* _Exercise data_
═══

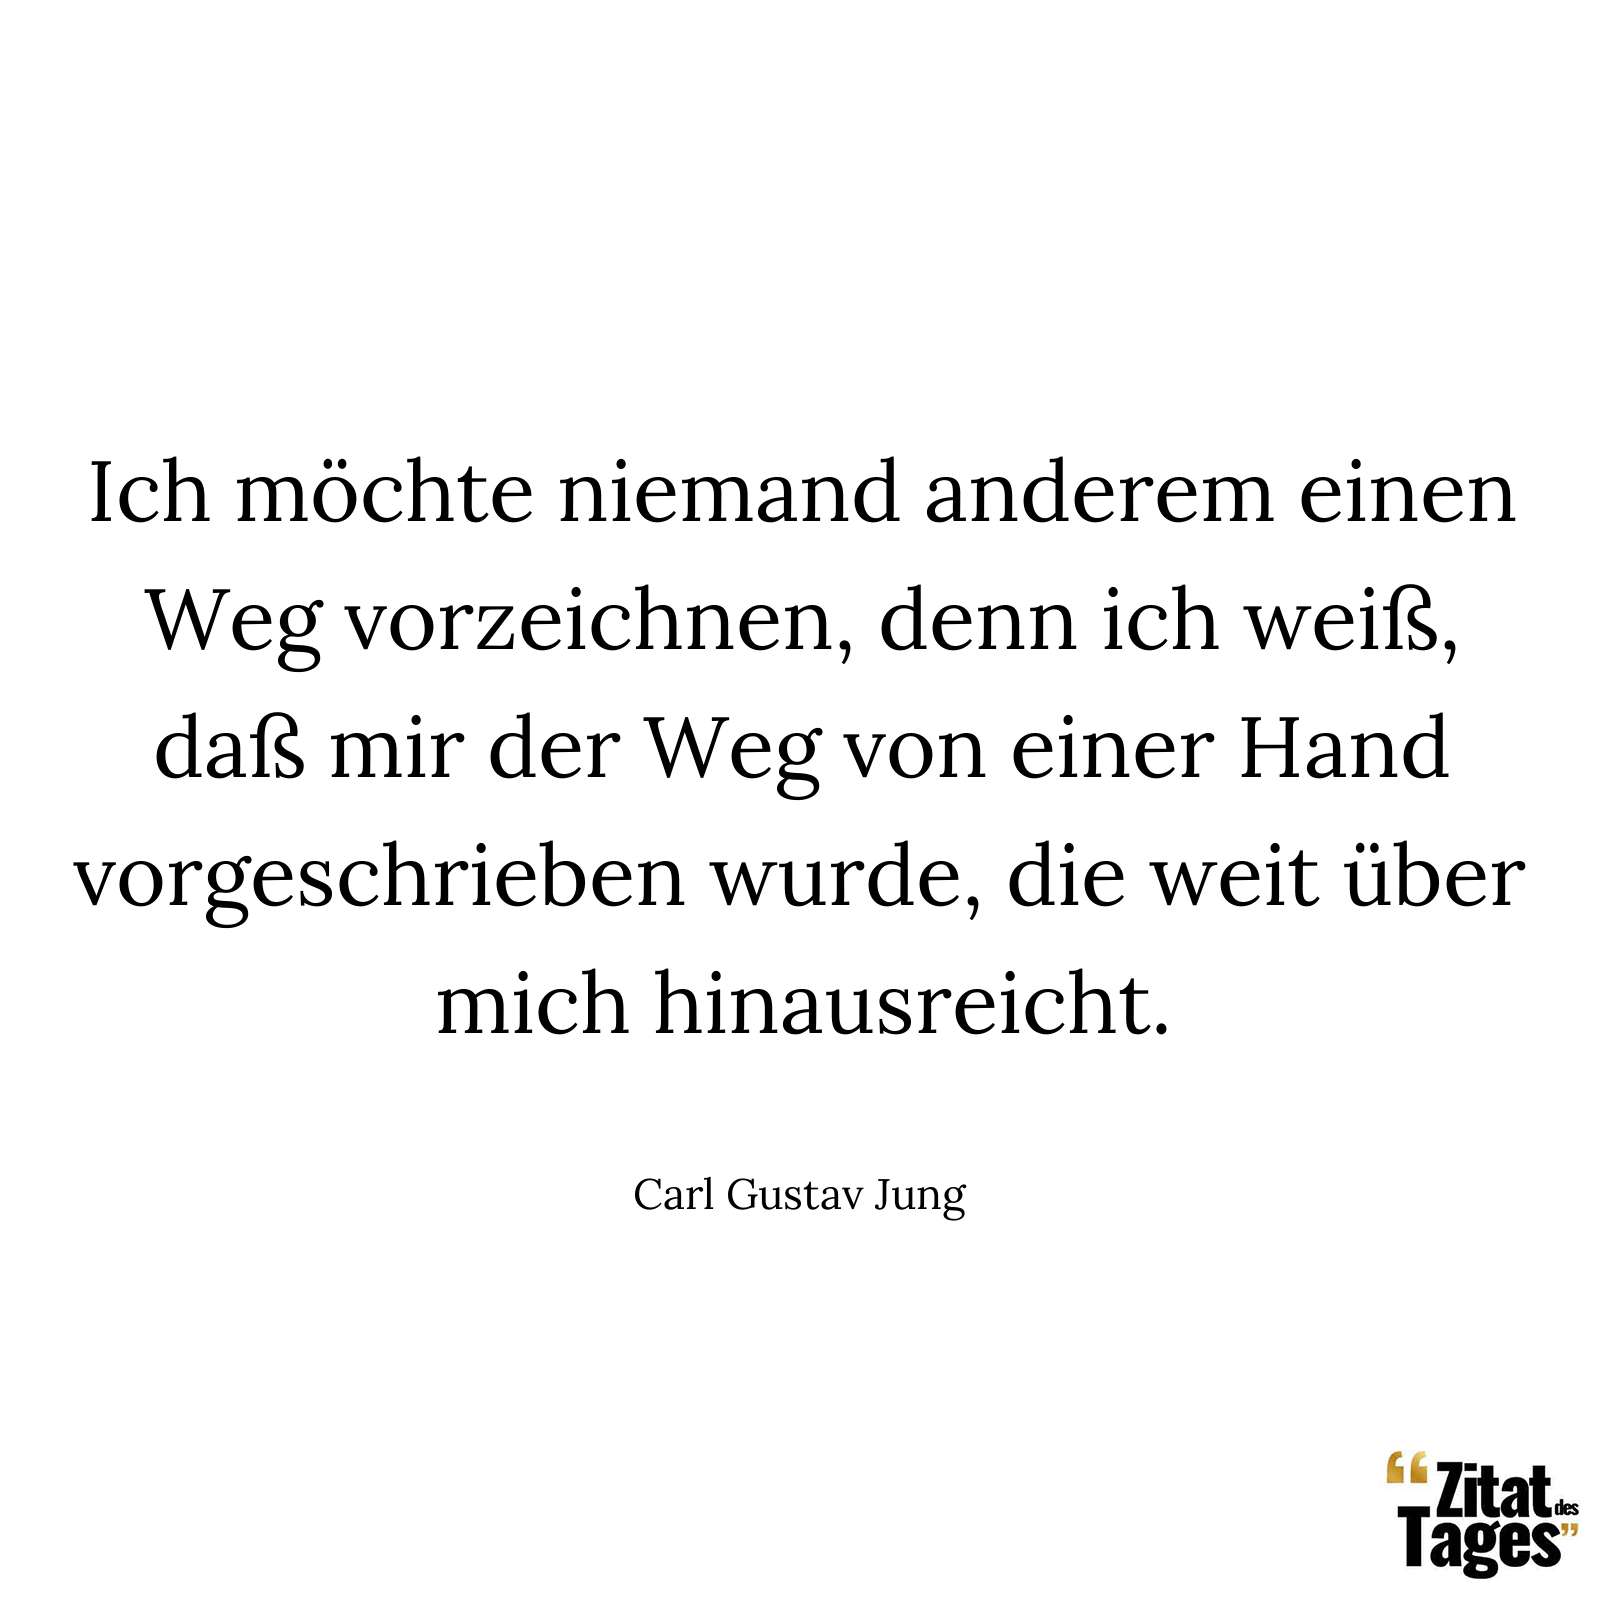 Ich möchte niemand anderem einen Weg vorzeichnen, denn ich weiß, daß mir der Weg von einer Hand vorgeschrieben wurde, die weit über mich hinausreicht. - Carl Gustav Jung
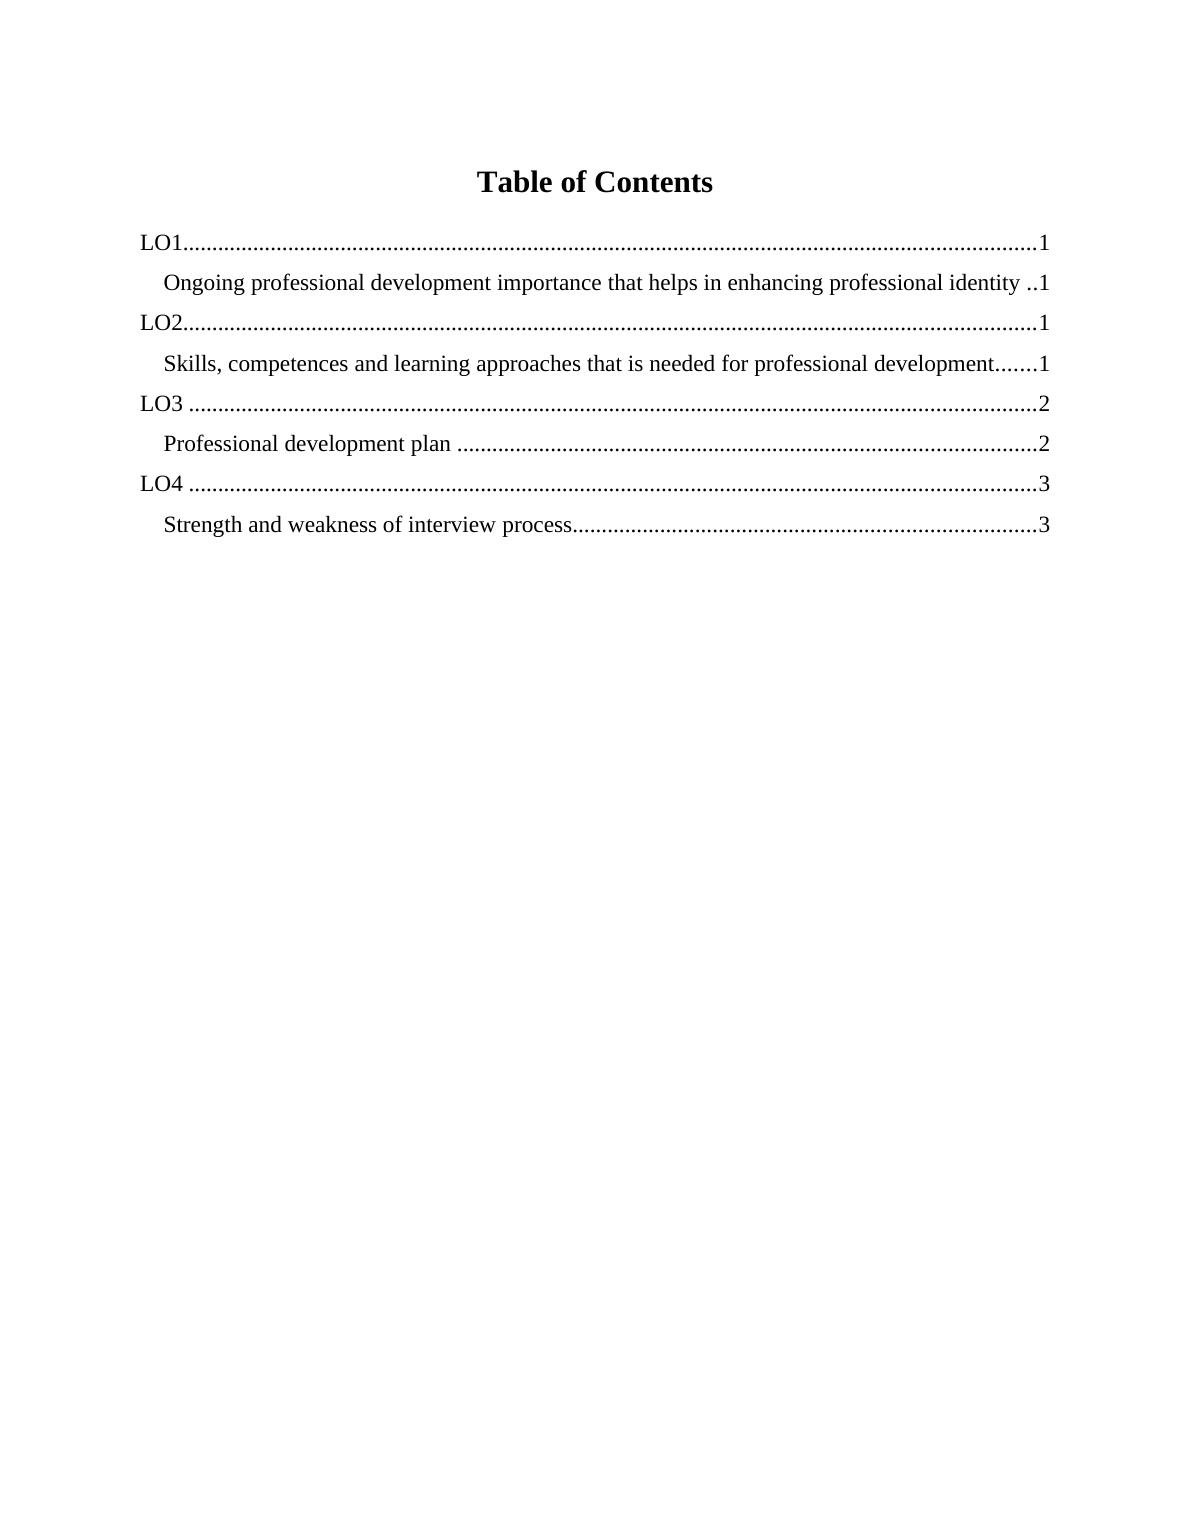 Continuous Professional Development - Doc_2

═══

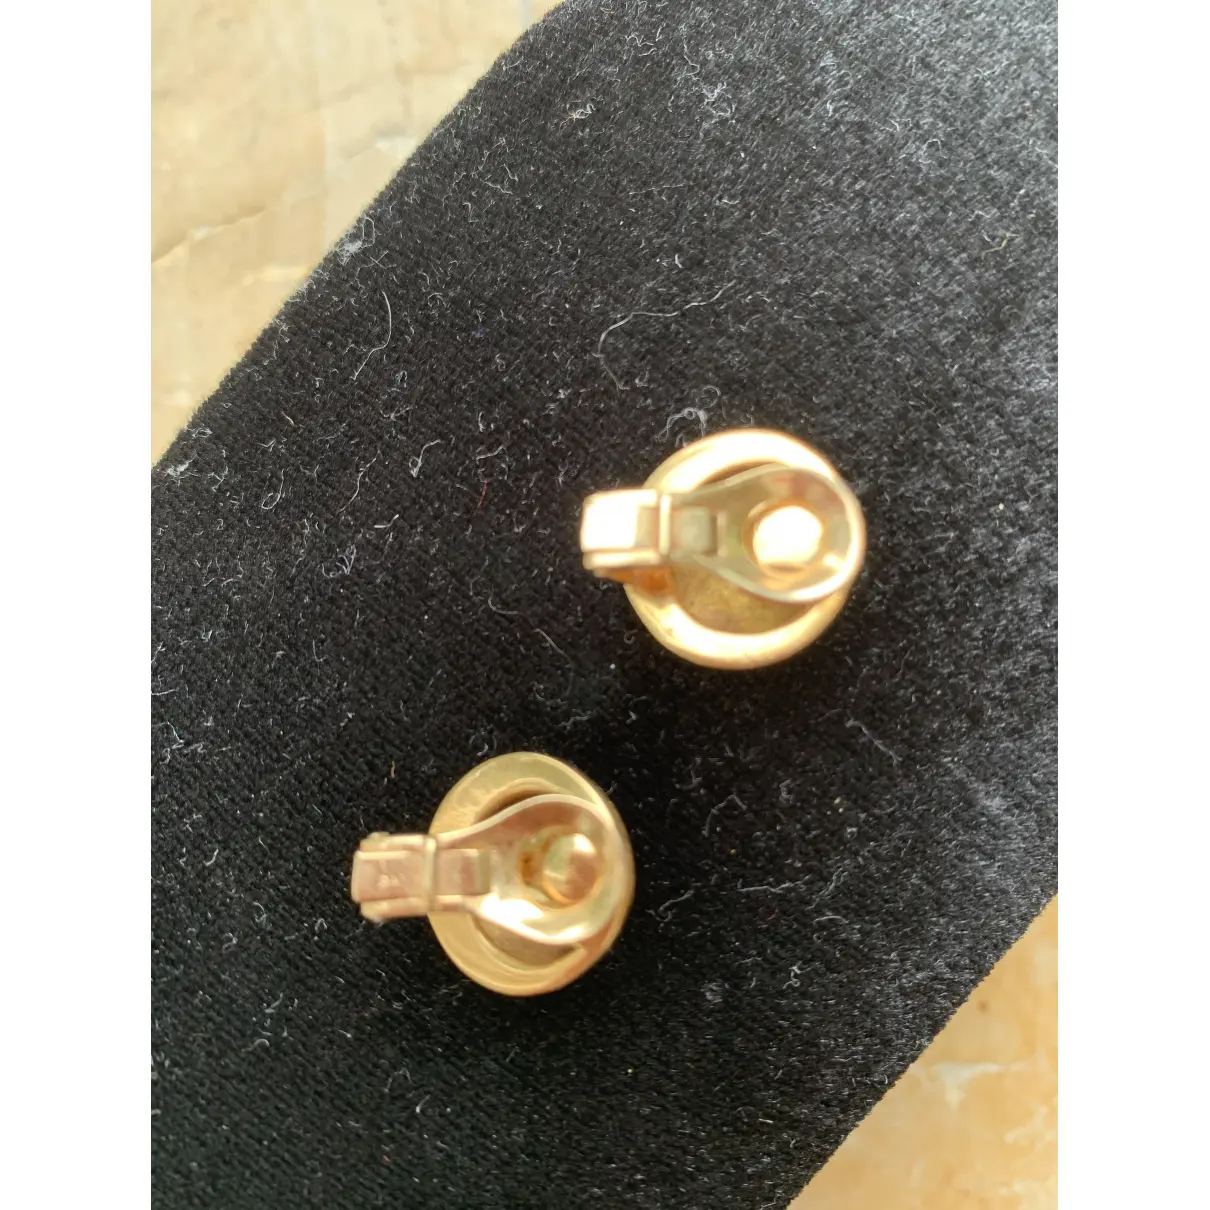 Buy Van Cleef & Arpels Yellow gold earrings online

═══

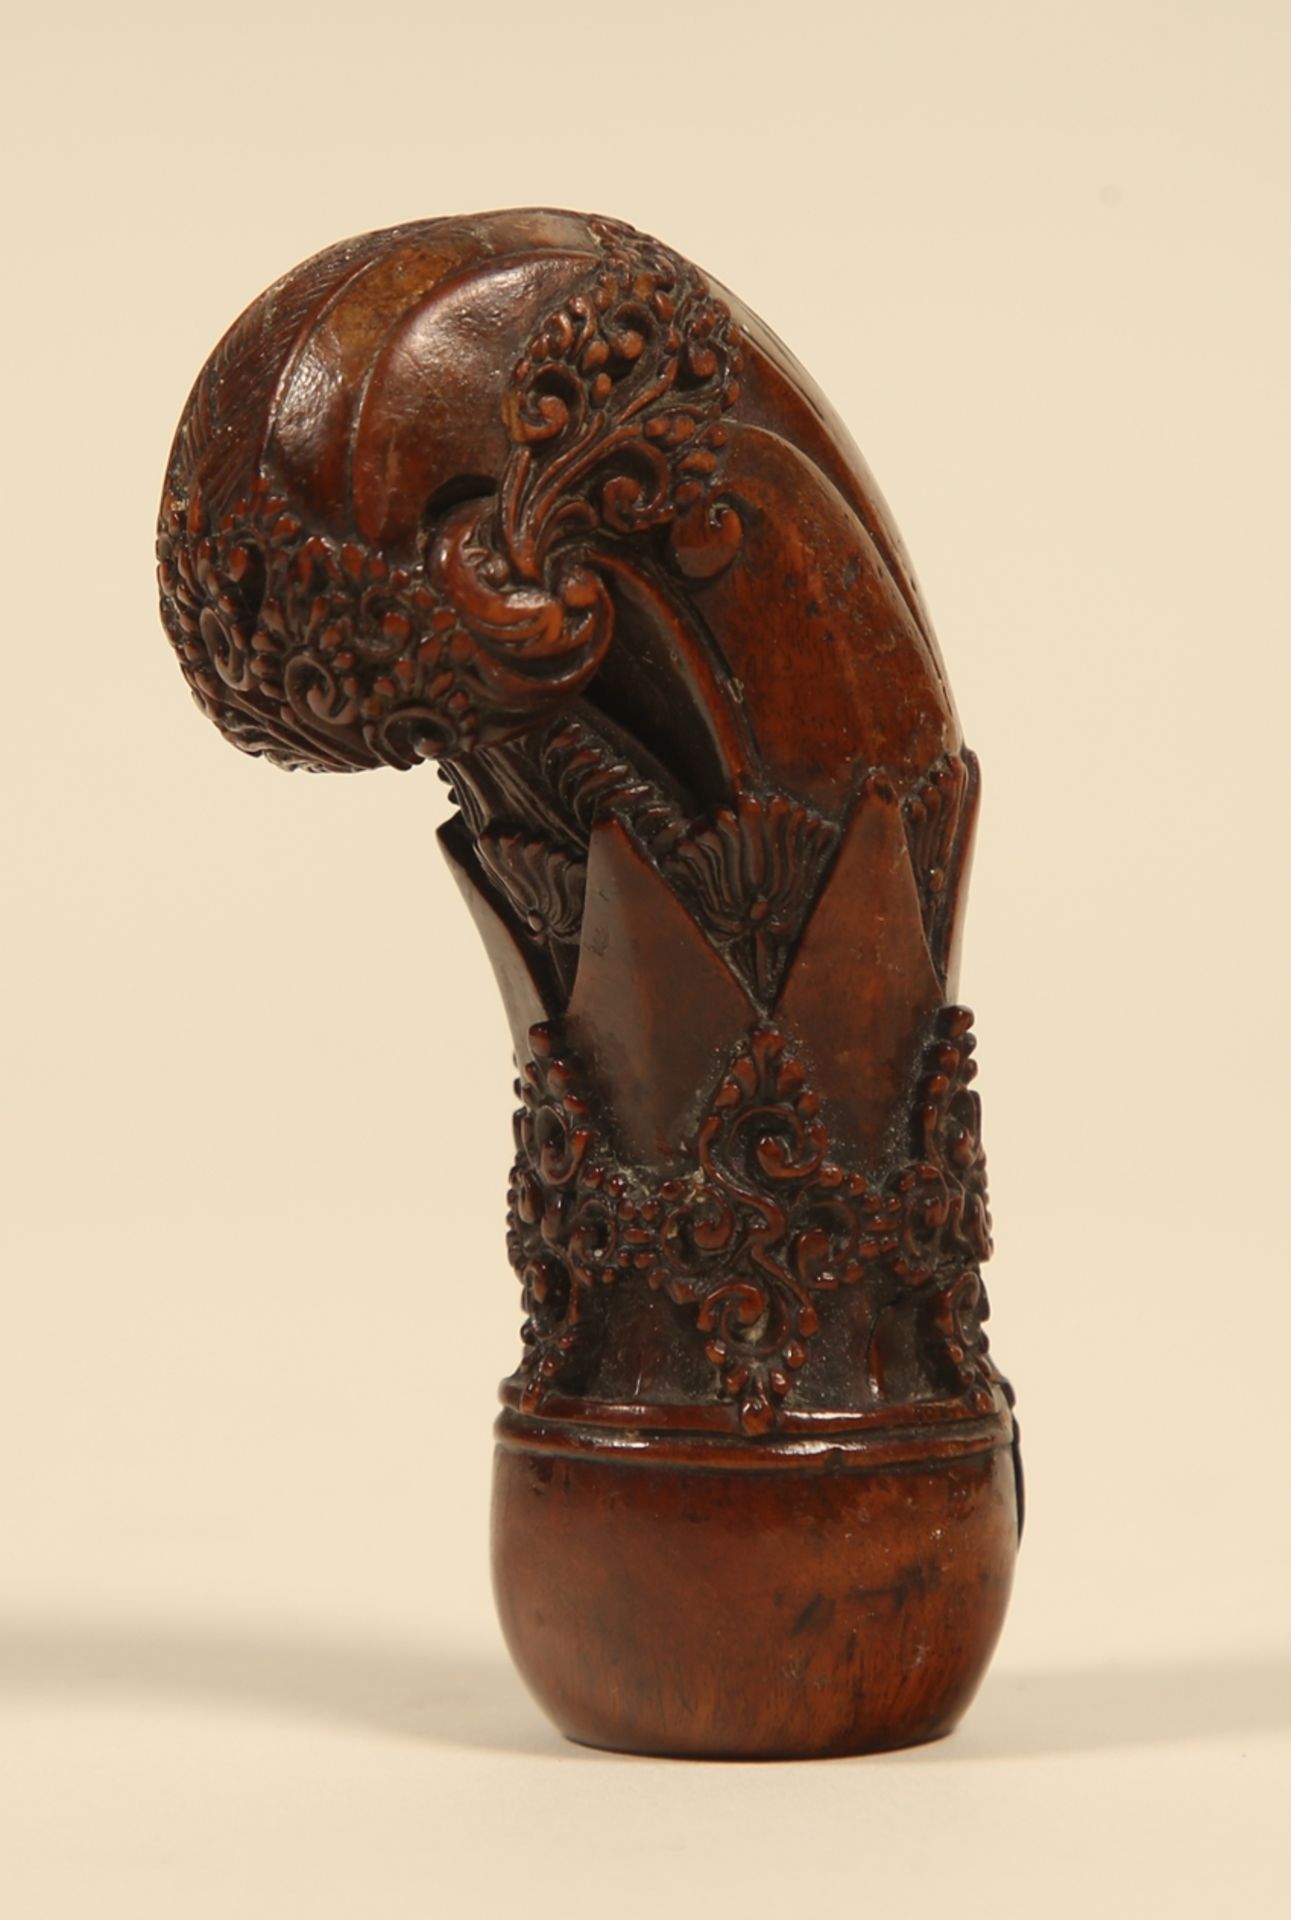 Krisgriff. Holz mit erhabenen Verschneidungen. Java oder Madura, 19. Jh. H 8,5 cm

═══

* _Exercise details_
Print the line above containing "Ich möchte niemand", the line containing "Continuous Professional Development - Doc_2", and everything between them, exactly as written. Pictures stay out.

* _Response to this exercise_
 Ich möchte niemand anderem einen Weg vorzeichnen, denn ich weiß, daß mir der Weg von einer Hand vorgeschrieben wurde, die weit über mich hinausreicht. - Carl Gustav Jung
 Continuous Professional Development - Doc_2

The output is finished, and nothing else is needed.